━━ Record excerpts ━━
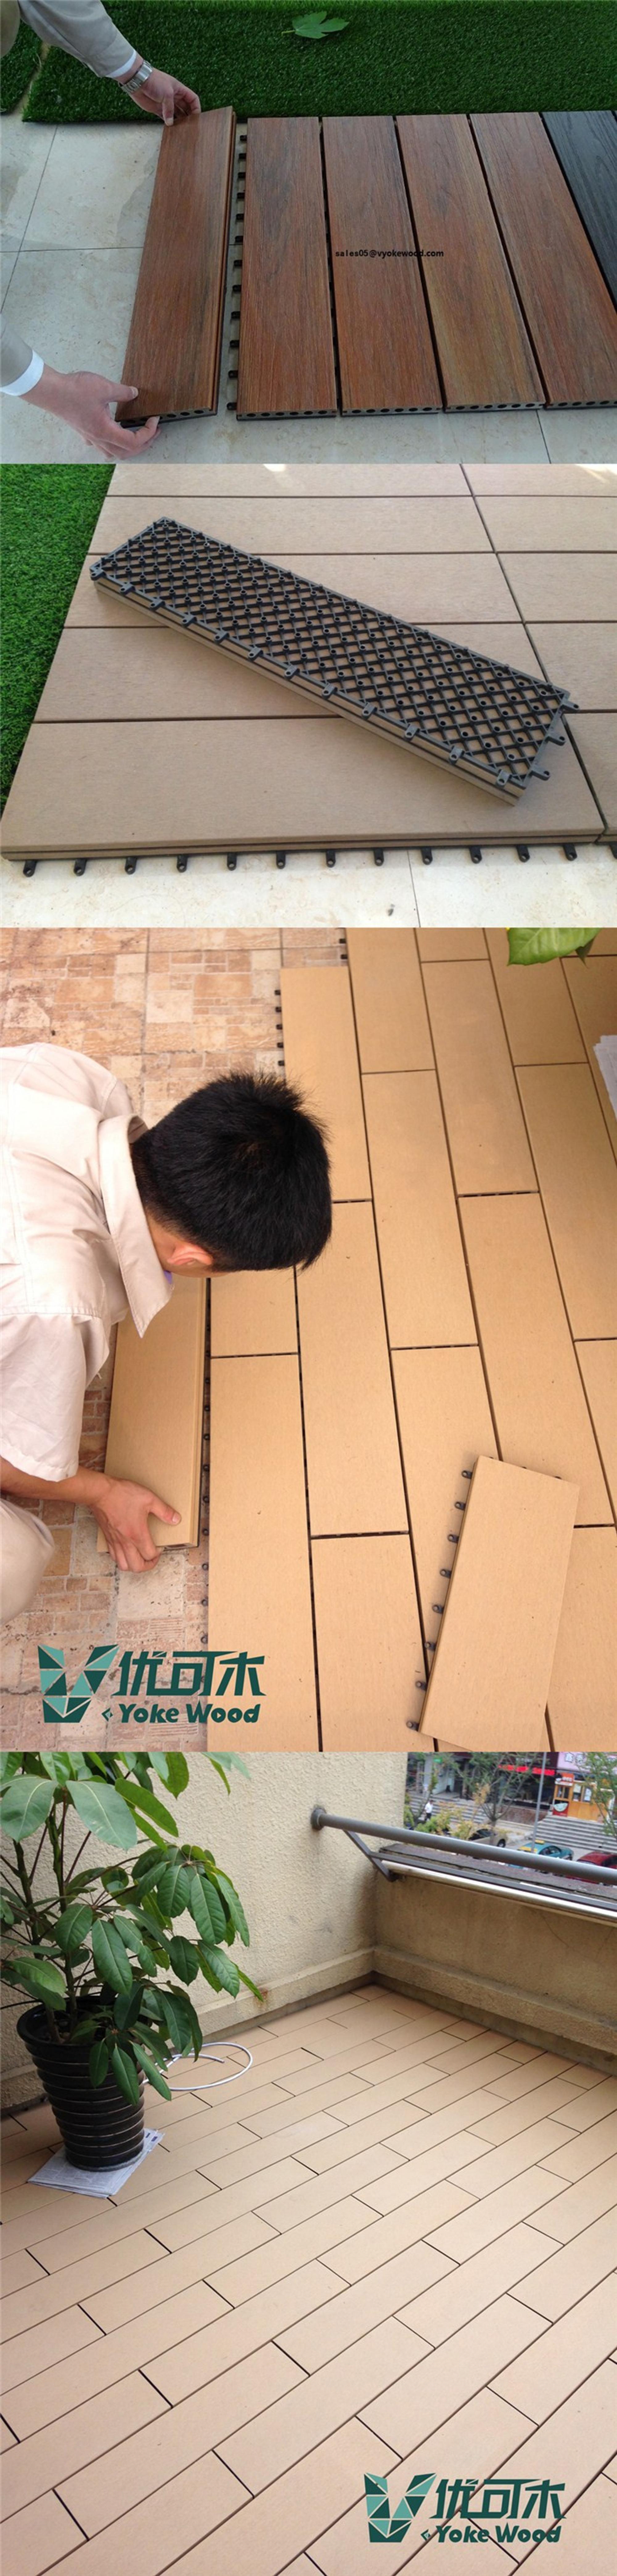 Revetement Pour Sol Exterieur pwc revêtement de sol extérieur carrelage extérieur revêtement de sol  extérieur carrelage extérieur imbriqué - buy carreaux de terrasse À
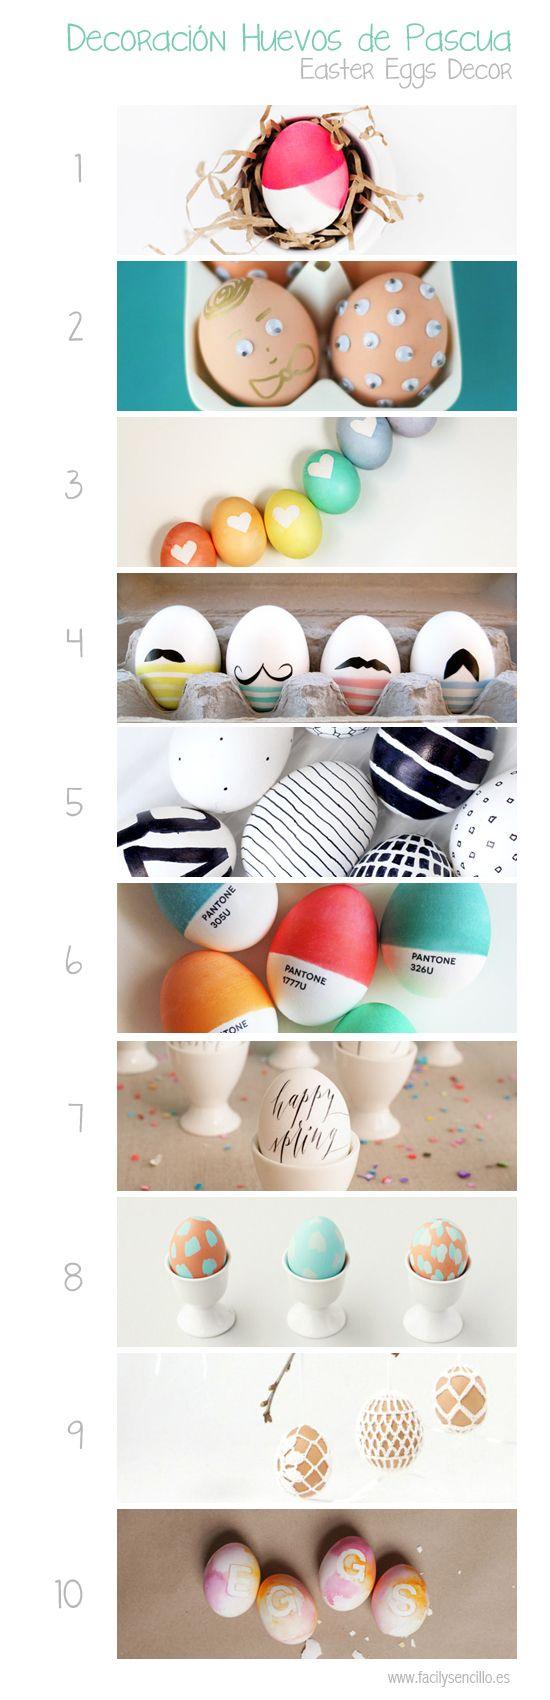 10 Formas de Decorar Huevos de Pascua Originales - Fácil y Sencillo   Fácil y Sencillo
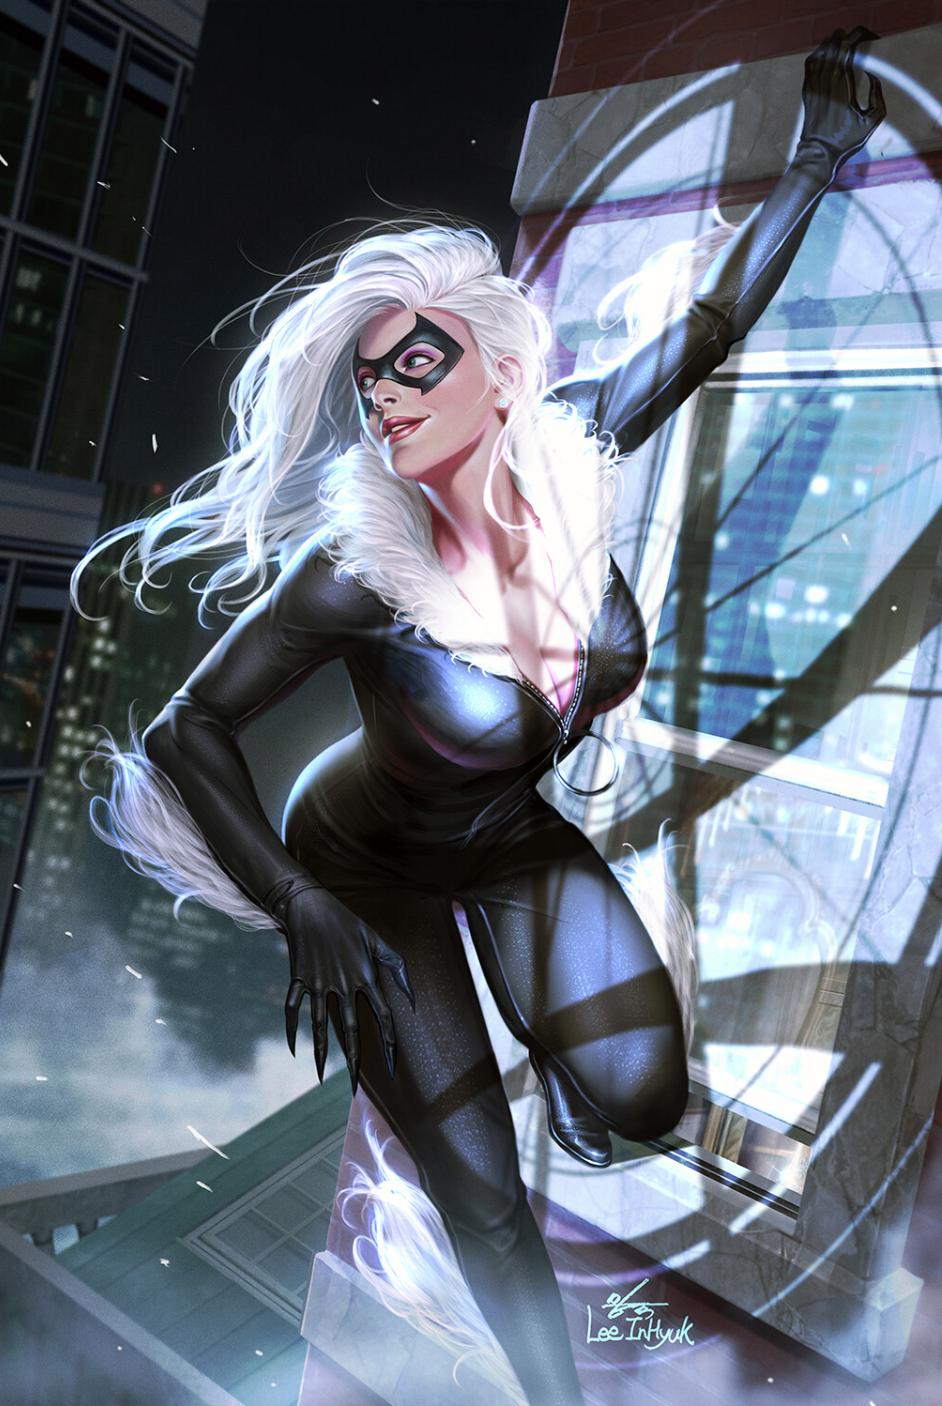 Black Cat Screenshots Images And Pictures Comic Vine Black Cat Marvel Spiderman Black Cat Black Cat Comics
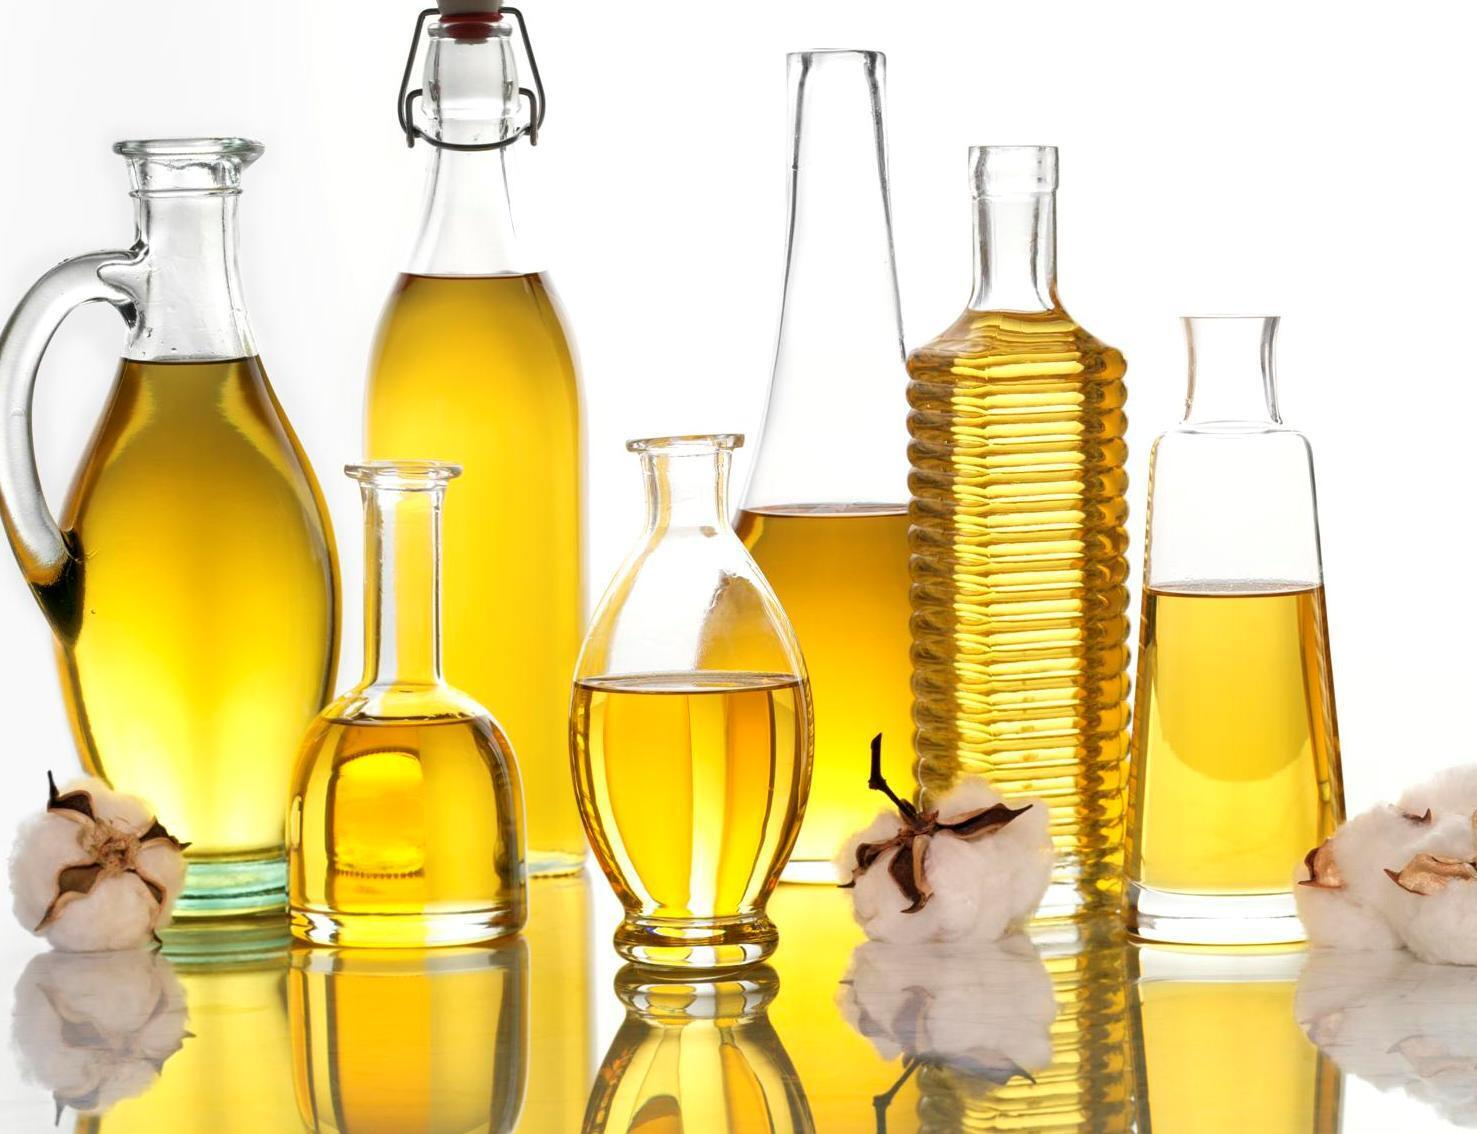 L'huile de coton est une huile fabriquée en Afrique de l'Ouest en excédent mais ne peut être vendue en Inde.
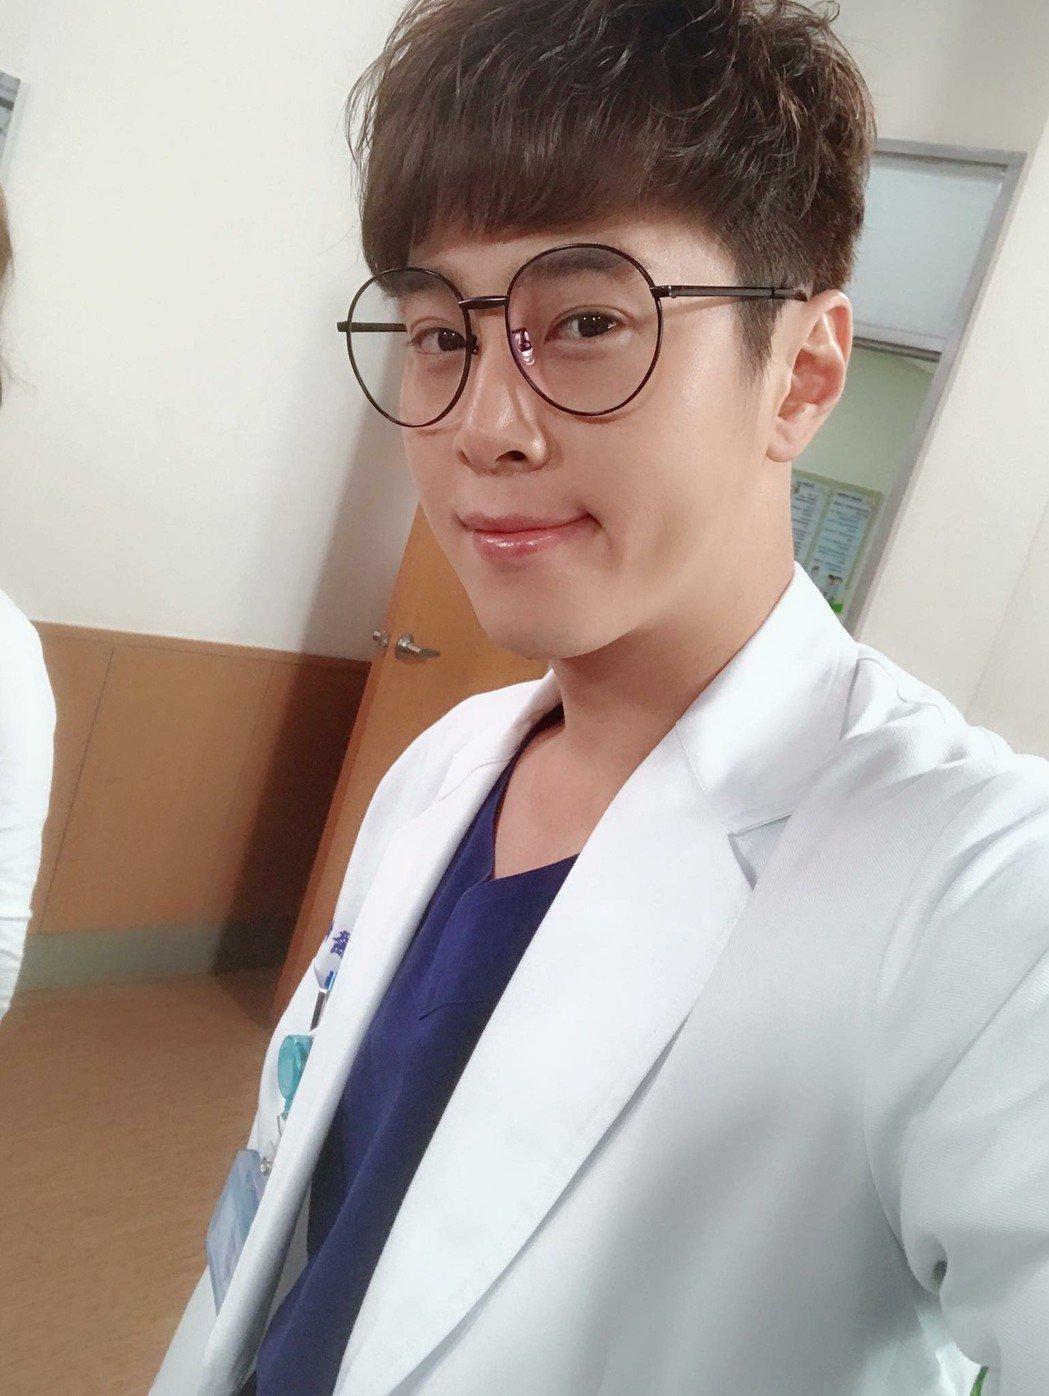 吳東諺在「實習醫師鬥格」中飾演傻萌醫師。圖/星之國際提供
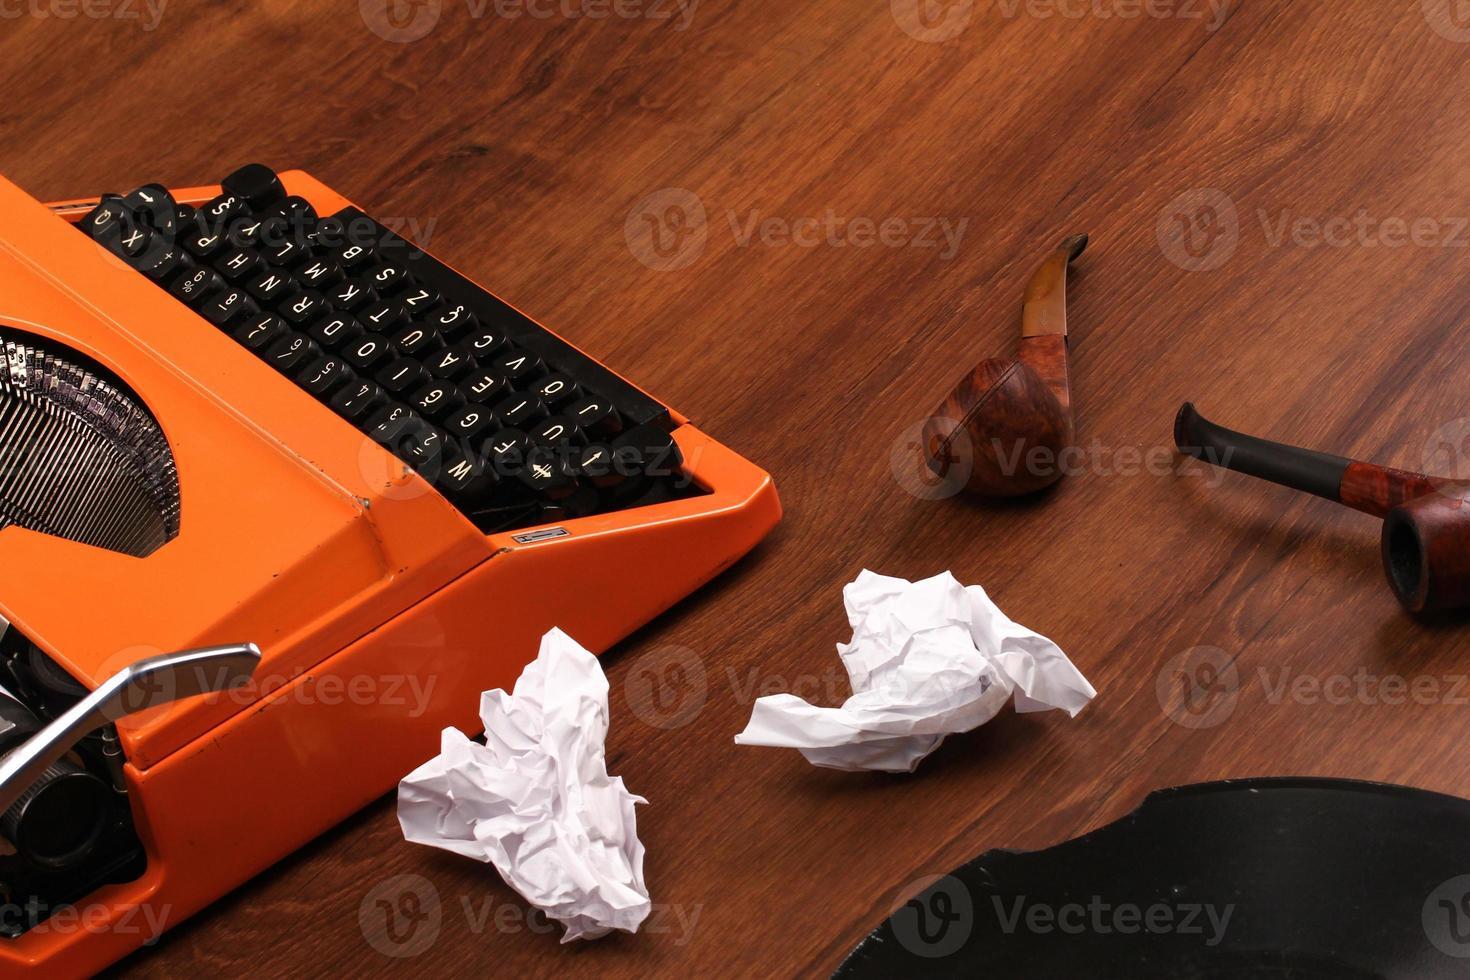 de oranje vintage typemachine op het hout foto
━━━
- What you need to do -
Nothing but the lines from the one containing "吳東諺在「實習醫師鬥格」中飾演傻萌醫師。圖/星之國際提供" through the final line of the entries above should be given again, each exactly as written; omit the pictures.

- Written solution -
 吳東諺在「實習醫師鬥格」中飾演傻萌醫師。圖/星之國際提供
 de oranje vintage typemachine op het hout foto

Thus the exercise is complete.